Exercise: There is material below. Print exactly the lines starting at the line with "3 Remote Authentication" and ending at the line with "セットアップ レディース Tシャツ", ends included, and no others.

Supplied material:
*** Block opens ***

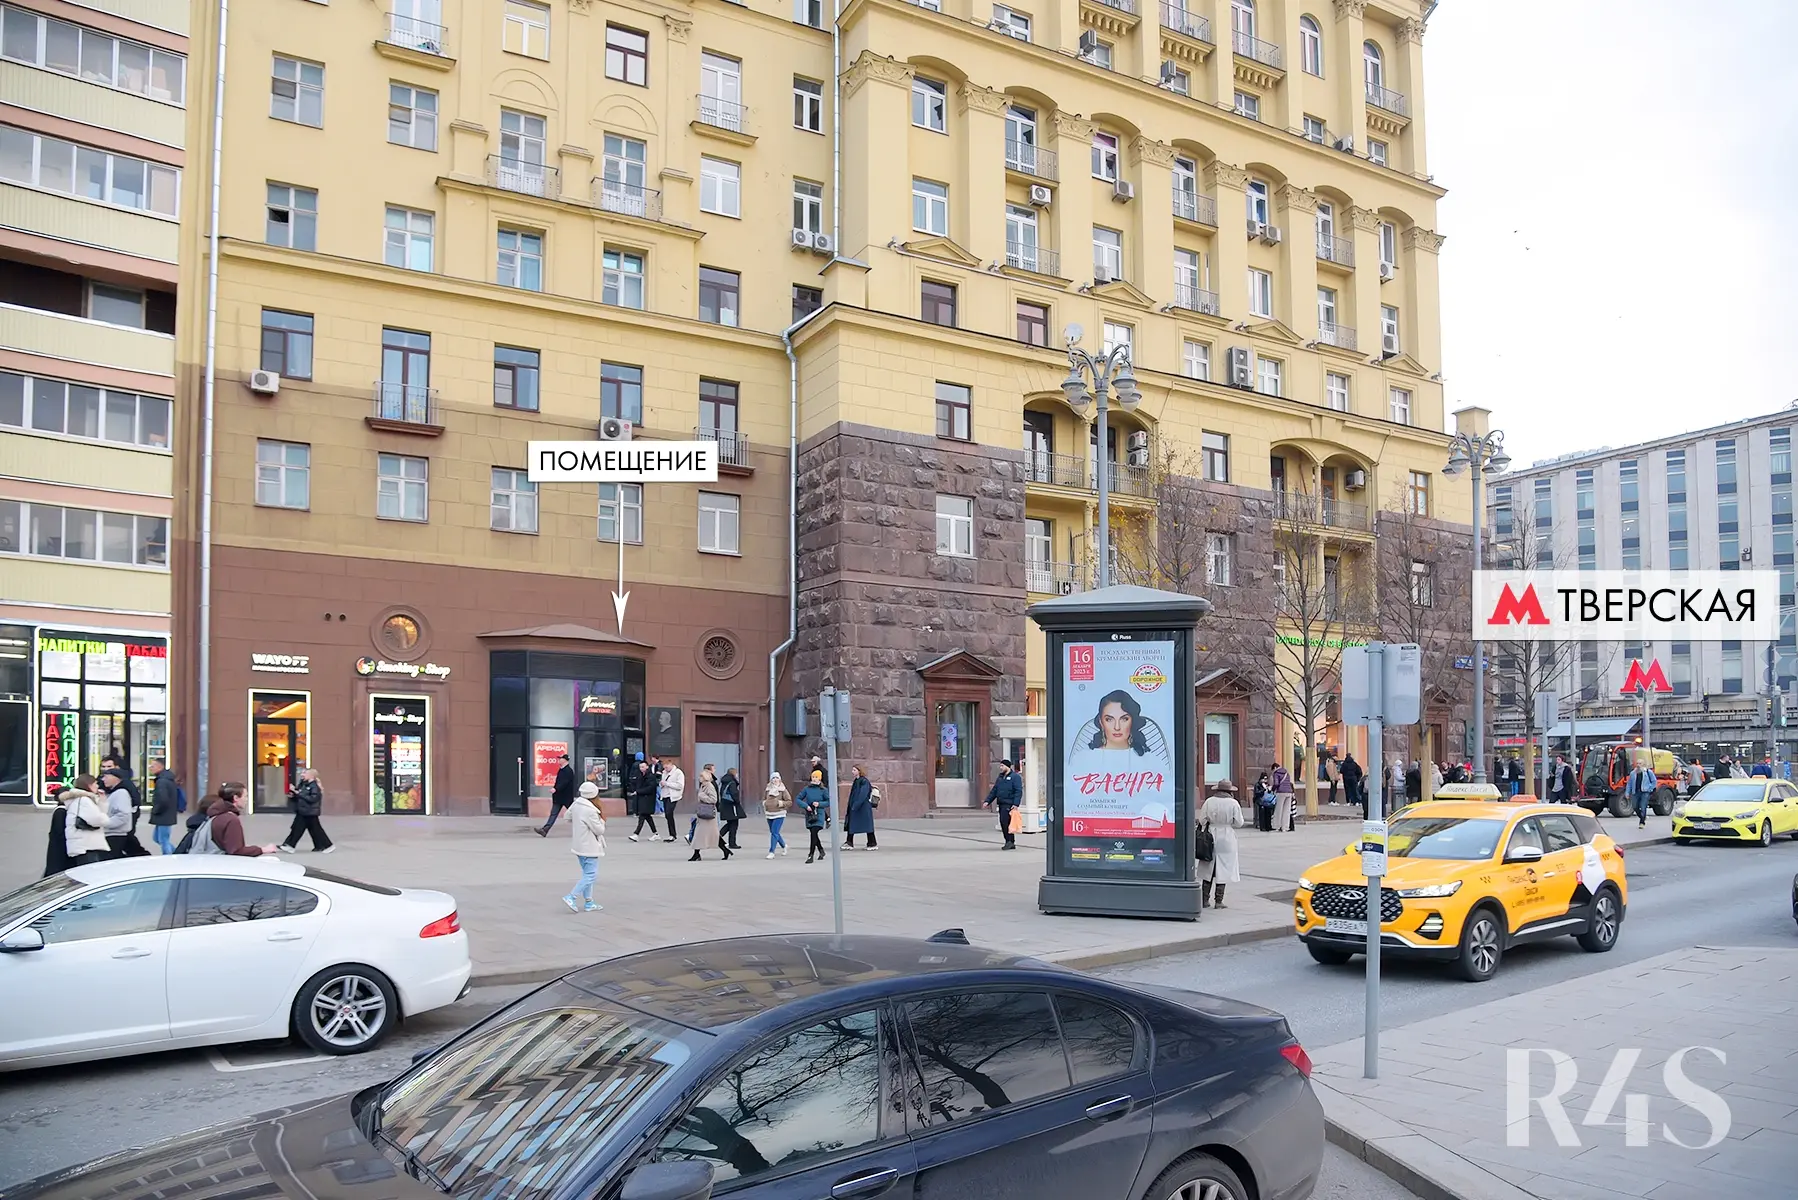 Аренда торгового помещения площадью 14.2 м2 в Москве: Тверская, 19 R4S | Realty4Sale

*** Block closes ***
*** Block opens ***

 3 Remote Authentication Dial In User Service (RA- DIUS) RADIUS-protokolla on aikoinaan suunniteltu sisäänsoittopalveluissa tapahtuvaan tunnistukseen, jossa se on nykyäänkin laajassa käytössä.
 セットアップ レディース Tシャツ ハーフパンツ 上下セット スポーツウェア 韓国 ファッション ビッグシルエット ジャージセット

*** Block closes ***
*** Block opens ***

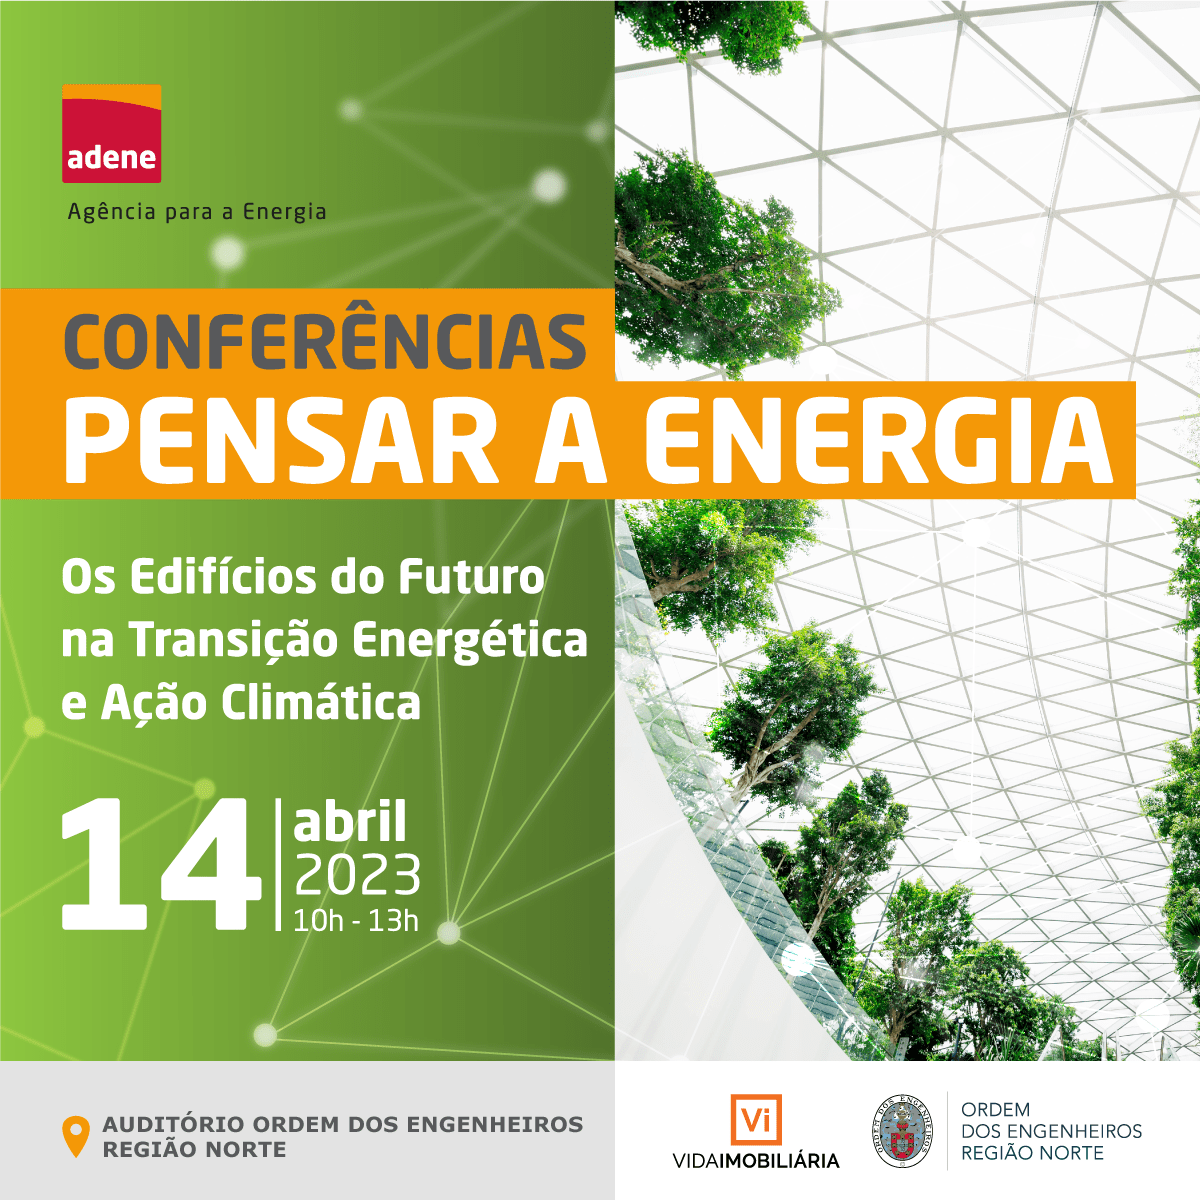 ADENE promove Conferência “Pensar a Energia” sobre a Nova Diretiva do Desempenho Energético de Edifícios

*** Block closes ***

Response:
 3 Remote Authentication Dial In User Service (RA- DIUS) RADIUS-protokolla on aikoinaan suunniteltu sisäänsoittopalveluissa tapahtuvaan tunnistukseen, jossa se on nykyäänkin laajassa käytössä.
 セットアップ レディース Tシャツ ハーフパンツ 上下セット スポーツウェア 韓国 ファッション ビッグシルエット ジャージセット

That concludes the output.